Le 28 mai 2026, Alexandra Palt, présidente du WWF France depuis juin 2024, a annoncé sa démission après que le conseil d'administration a engagé à son encontre une procédure de révocation. La cause directe de ce conflit ? Sa participation, le 4 avril, à un rassemblement antiraciste à Saint-Denis en soutien au maire Bally Bagayoko, victime d'attaques racistes. Derrière cette affaire, c'est toute la question de la place de l'engagement politique au sein des grandes ONG environnementales qui se trouve posée. Entre le devoir de neutralité imposé par la loi et l'urgence de prendre position sur les crises sociales, le WWF vient de vivre un séisme qui pourrait redéfinir son avenir.

Le 4 avril 2026, une marche antiraciste à Saint-Denis change la donne
Ce jour-là, plusieurs milliers de personnes ont convergé vers Saint-Denis. La raison : soutenir Bally Bagayoko, le nouveau maire LFI de la ville, élu le 15 mars 2026 et immédiatement ciblé par des attaques racistes d'une violence inouïe. Le rassemblement, transpartisan, réunissait des élus locaux, des militants associatifs et des citoyens ordinaires venus dire non à la haine. Parmi eux, une femme discrète, sans banderole ni micro : Alexandra Palt, présidente du WWF France. Elle avait prévenu son organisation qu'elle y participerait « à titre strictement personnel ». Ce détail allait pourtant lui coûter son poste.

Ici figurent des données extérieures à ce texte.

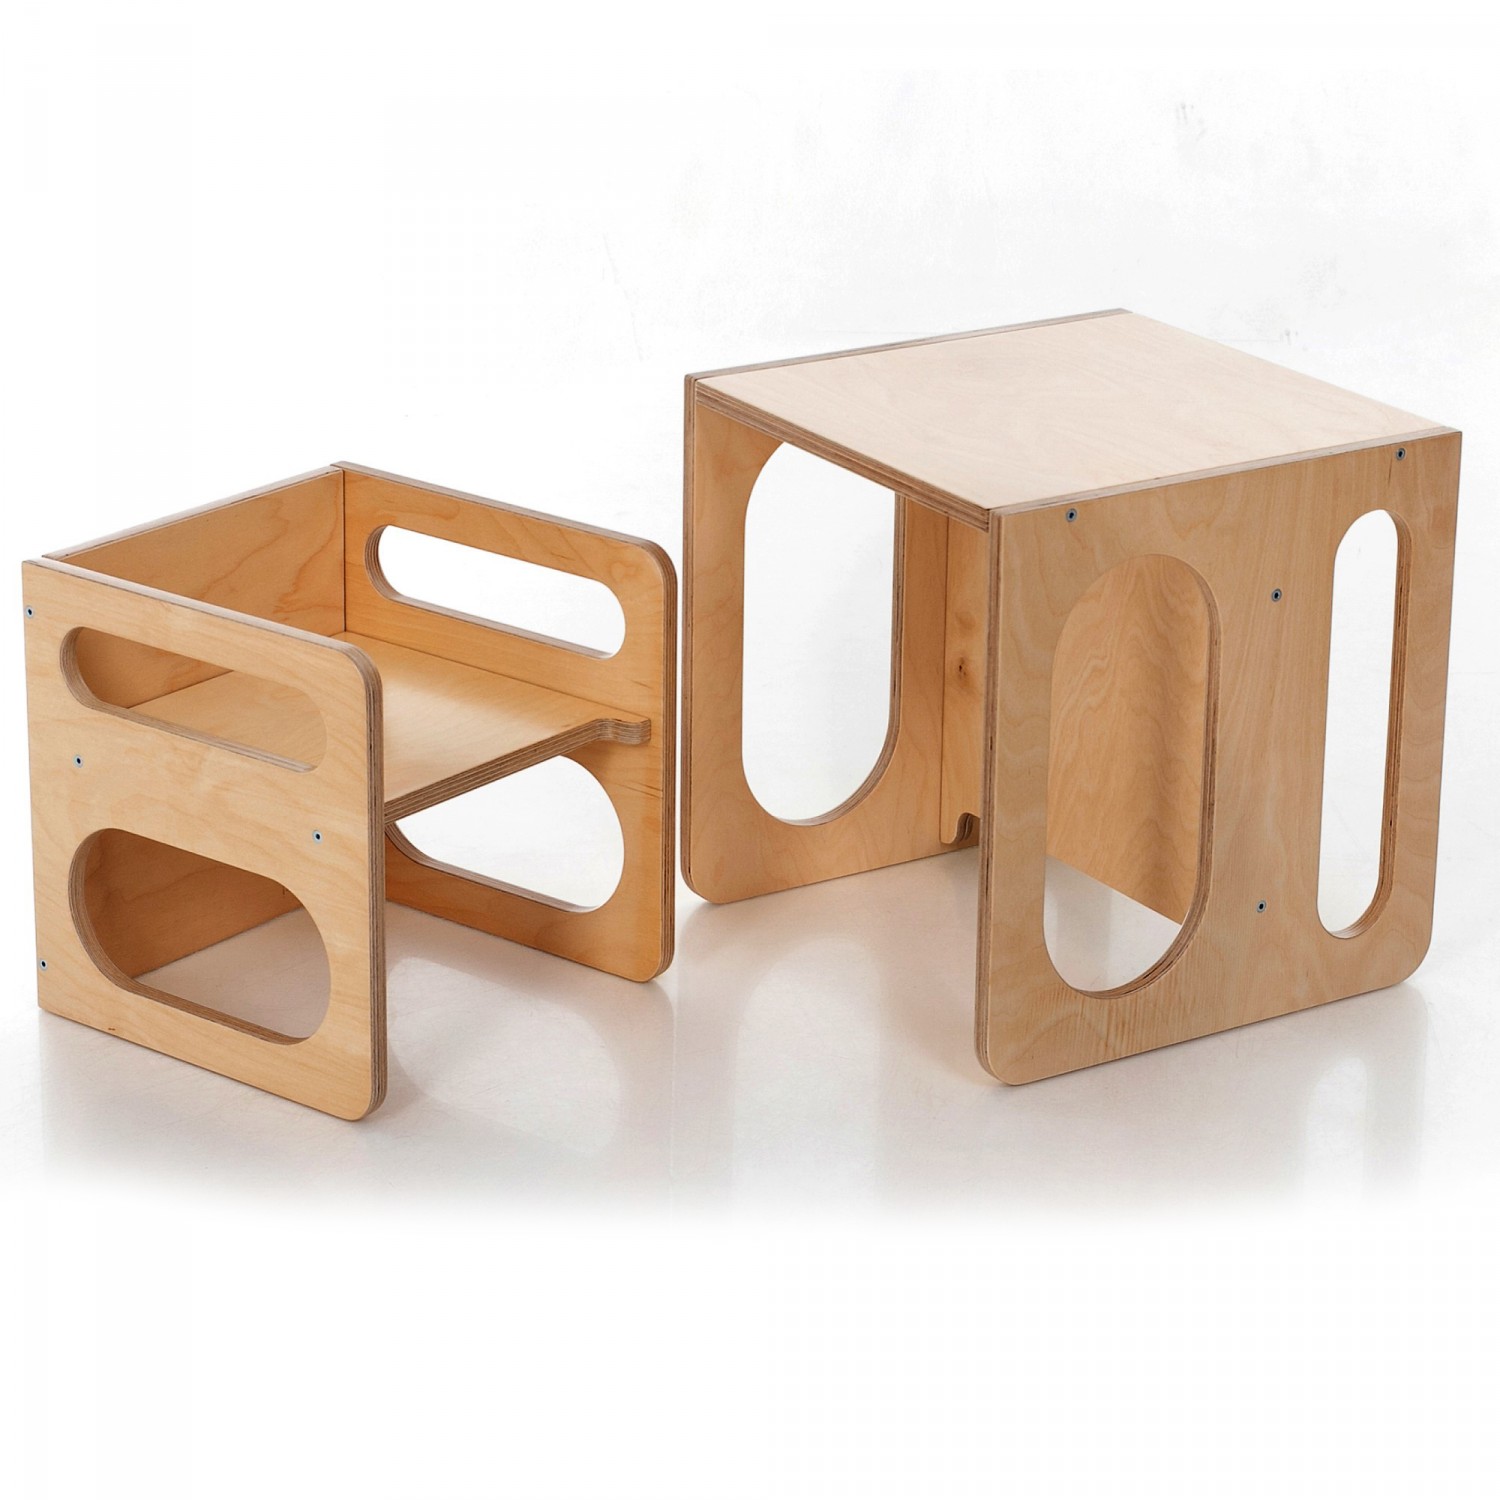 Montessori Cube Chair: Create an Adaptive Learning Space - WoodandHearts

Bally Bagayoko, un rassemblement transpartisan, une présidente dans la foule
Le 4 avril 2026 restera comme une date charnière pour l'écologie française. Bally Bagayoko, figure montante de La France Insoumise, avait remporté la mairie de Saint-Denis dans une campagne marquée par des tensions raciales. Dès son élection, les insultes et les menaces ont fusé sur les réseaux sociaux, relayées par des comptes d'extrême droite. La réponse de la société civile ne s'est pas fait attendre : un appel à manifester a été lancé, et des milliers de personnes ont répondu présentes.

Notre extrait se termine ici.